Loki takes another sip and watches Darcy over the rim of the cup. She's all eager energy as she places out a napkin and plastic fork for him, waiting to hear his opinion. There's a warmth somewhere in him that he's not sure comes from the drink.
"I am glad," he says quietly.
Darcy tilts her head.
"…that it is bitter. I dislike overly sweet things, and I have seen the amount of sugar you put in your coffee," Loki says primly. "It's quite good, as far as mortal beverages go."
"Tough crowd," Darcy says, smiling against the rim of her cup.
. . .
Loki shuffles through the latest selection of books Darcy's brought. There are two history books, one book on the existence of extraterrestrial life, and—
He pulls out the largest book in the pile. It's slim but tall and wide with a plain, dark hard cover. Opening it, he finds vivid photographs and star charts and maps accompanied by concise information boxes. An astronomy book, he realizes, feeling betrayed. He doesn't believe in coincidences.
Loki looks at Darcy but she's sitting at her desk, back turned to him, poring over some magazine.

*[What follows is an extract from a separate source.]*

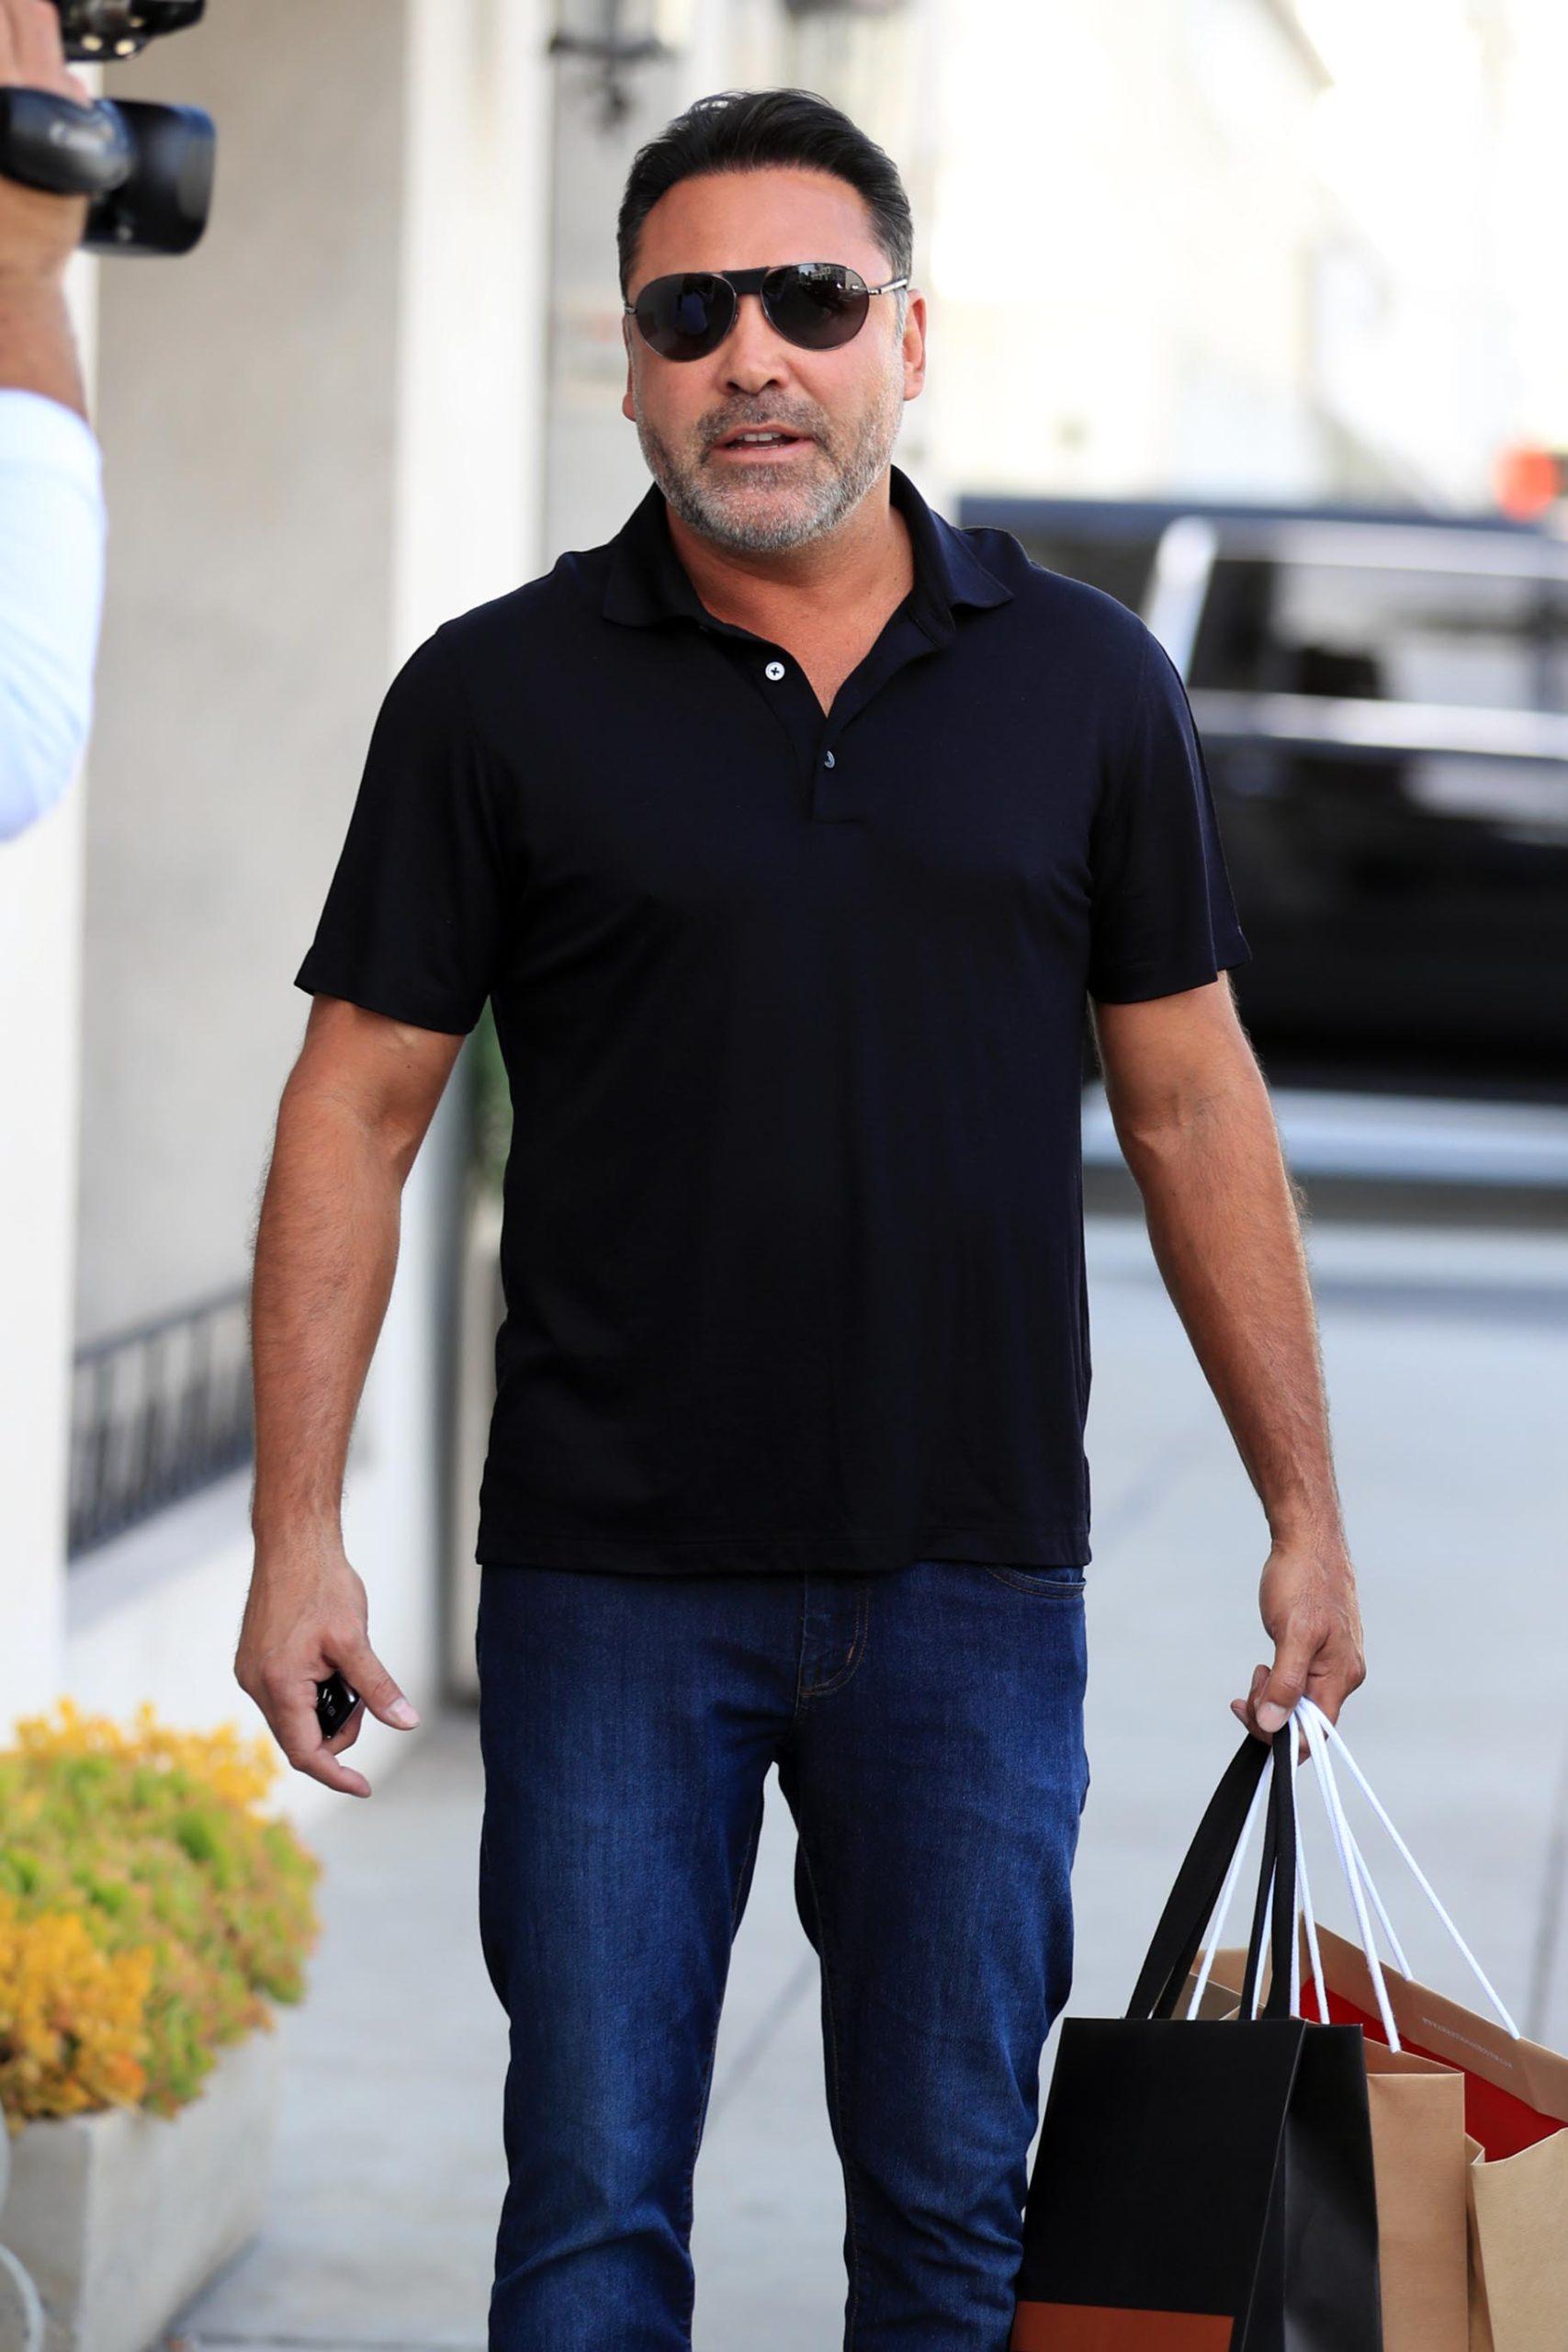 Oscar De La Hoya amp Holly Sonders are seen leaving Christian Louboutin store in Beverly Hills

He wonders if she's shrewder than he gave credit.
The book's pages are soft with age and with the care of many readings. It's beautiful and has the smell of an old attic filled with spice herbs. Loki's hand trails down a sky map of the northern sky.
Pisces, Andromeda, he recites in his mind. Pegasus…
He closes the book.
He doesn't take it with the other three.
. . .
At the end of the day, Darcy's lips press together into a thin line.
The astronomy book is still in the bag. Did he even see it?
No, of course he did, he just didn't take it.
Darcy shoulders her bag and leaves the apartment, one cheek puffed out resolutely.
. . .
Two days later and Loki is staring down into Darcy's bag of books. Three out of four are on astronomy. One of them is titled, Astronomy for Dummies.
He doesn't know whether to be indignant at Thor for sharing tales that are—
(memories, lies, forgotten, cherished, secrets, remembered)
—or at Darcy for trying to… to do… for whatever game she thinks she's playing.
It is nighttime and Darcy's already gone home. The books litter the floor. She knows he despises clutter.
Loki shoves the books into the bookshelf and doesn't look at them at all.
. . .
It's never a smart move to recount with as much passion as Darcy does, during a meal days later, between bites. Loki's not even sure she's swallowing properly and listens with half an ear, watching warily for the telltale moment when the food grazes against the wrong pipe and Darcy starts coughing.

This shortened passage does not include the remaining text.